Brandon (Michael Fassbender) è un trentenne newyorkese con un buon lavoro e una bella casa. A prima vista, possiede tutto quello che si possa desiderare: è bello, sicuro di sé, arriso dal successo. Eppure Brandon è prigioniero di una forte ossessione sessuale che gli impedisce di avere una relazione normale con una donna. Il suo equilibrio, già precario, verrà messo a dura prova dall’arrivo improvviso della sorella Sissy (Carey Mulligan), ragazza fragile e problematica, che obbligherà Brandon a fare i conti con la propria coscienza.


«Tu mi soffochi,» urla Brandon alla sorella Sissy. «Mi metti in un angolo, e mi intrappoli». Su questo senso di trappola, di destino ineluttabile Steve McQueen costruisce la sua diegesi. Se in Hunger il regista inglese puntava la macchina da presa sul diritto inalienabile alla libertà individuale, in Shame rovescia il suo punto di vista, focalizzandosi su un essere umano che rimane prigioniero del suo stesso corpo, sottomettendosi a bisogni che gli impediscono di condurre una vita completa. Ed è proprio il corpo il centro nevralgico della narrazione: spigoloso e asciutto, Michael Fassbender mette al servizio di Brandon tutta la sua statuaria fisicità, mercificando il proprio corpo allo stesso modo in cui il suo personaggio abbandona la sua anima, in favore di pulsioni che, in nessun caso, potranno renderlo libero. La soddisfazione dei desideri sessuali non lascia mai nel protagonista un senso di libertà o serenità: il suo sorriso congelato in una smorfia, in una delle scene più evocative della pellicola, rimanda l’immagine spettrale di un uomo destinato alla distruzione, consapevole di non poter in alcun modo invertire la rotta discendente della sua esistenza. Steve McQueen, in questo film inquietante e travolgente, dimostra una padronanza eccellente del mezzo cinematografico, dirigendo i suoi attori in un universo caratterizzato da toni grigi e spenti, e avvolto da una fotografia che fa dei toni freddi il proprio marchio di fabbrica. Come avveniva, ad esempio, in Mystic River di Eastwood, le luci fredde che ammantano tutta la narrazione rimandano allo spettatore un senso di pessimismo universale, suggerendo che nessuna speranza giungerà ad allietare l’animo depresso dei protagonisti. In questo senso è emblematica la meravigliosa scena in cui Sissy canta l’intramontabile New York, New York, in un nuovo arrangiamento che ne smorza l’entusiasmo e la gioia. Il suo canto è, in realtà, una disperata richiesta d’aiuto che si riflette nella reazione sconsolata ma composta del fratello, seduto al tavolo, mentre lascia rotolare sulle guance lacrime amare.

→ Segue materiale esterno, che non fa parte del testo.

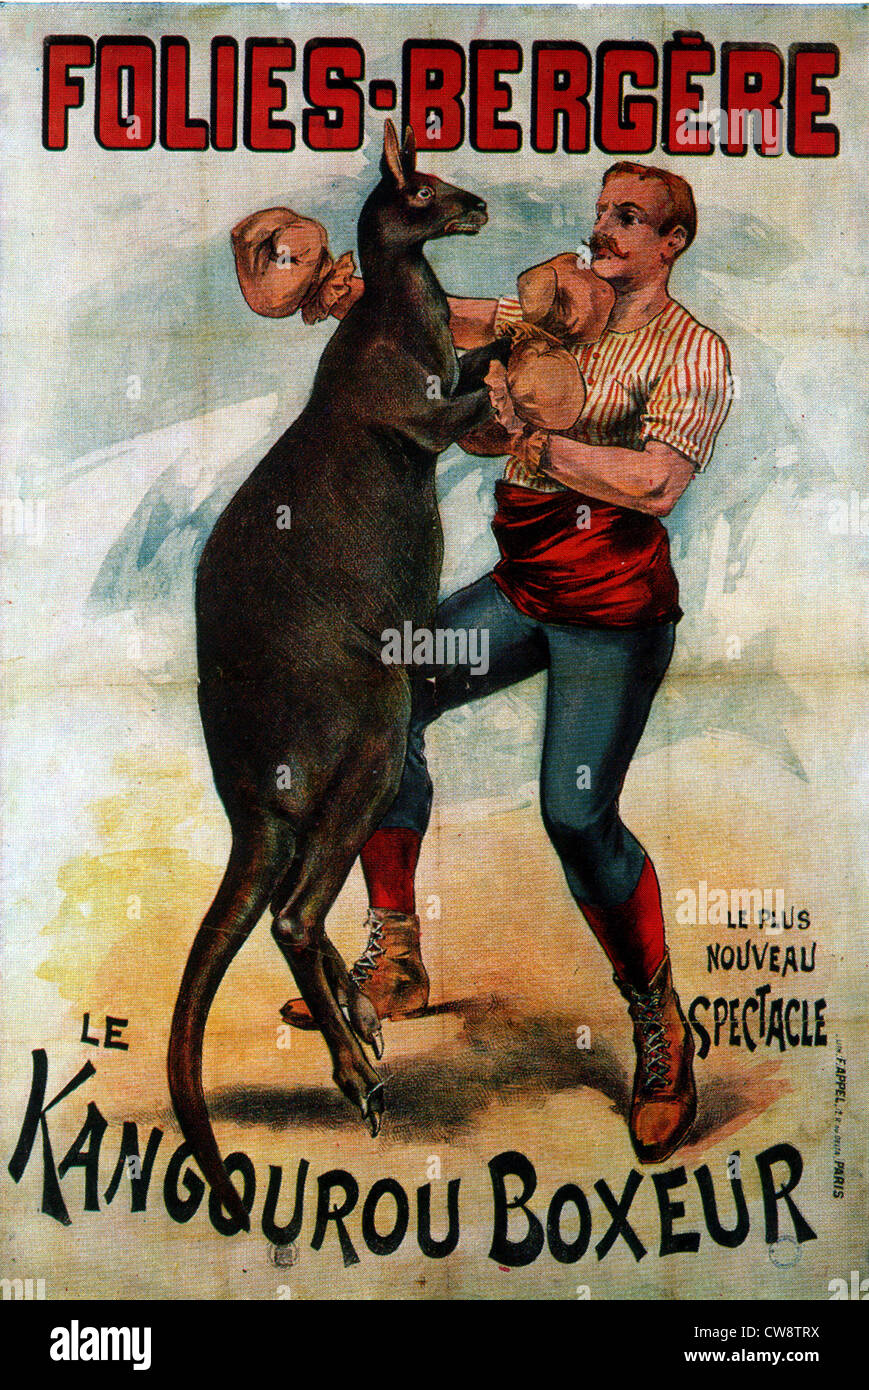 Advertising poster show at Folies-Bergère Stock Photo

Il regista racconta, senza bisogno di tante parole, il rapporto – a volte morboso – tra fratello e sorella, sul quale grava un passato oscuro. «Non siamo cattive persone. È solo che veniamo da un brutto posto» gracchia Sissy ad una segreteria telefonica che rimanda all’assenza del fratello. Assenza consapevole: quella di Brandon, infatti, è una fuga davanti alla propria ombra. Grazie all’arrivo della sorella Sissy – una Carey Mulligan mai così credibile e affascinante – Brandon prende coscienza del suo disturbo, sviluppando quel senso di vergogna che dà il titolo all’opera. Attraverso gli occhi della sorella, Brandon vede l’immagine di se stesso, distorta da una disfunzione che lo allontana dagli altri esseri umani, con i quali può solo relazionarsi in termini sessuali. Splendida la prova recitativa offerta da Fassbender, meritatamente premiato a Venezia con la Coppa Volpi, per il coraggio dimostrato nel mettere al servizio del regista le proprie capacità non solo artistiche ma soprattutto fisiche. Non a caso Shame esce sulla scia di altri prodotti cinematografici in cui i grandi personaggi passavano attraverso grandi interpretazioni fisiche. Si pensi alla Nina di Natalie Portman in Black Swan, o al pilota senza nome di Ryan Gosling in Drive: allo stesso modo, l'attore tedesco nasconde i suoi bei lineamenti dietro una reificazione del proprio corpo, regalando al pubblico l’ennesima prova del suo grande talento.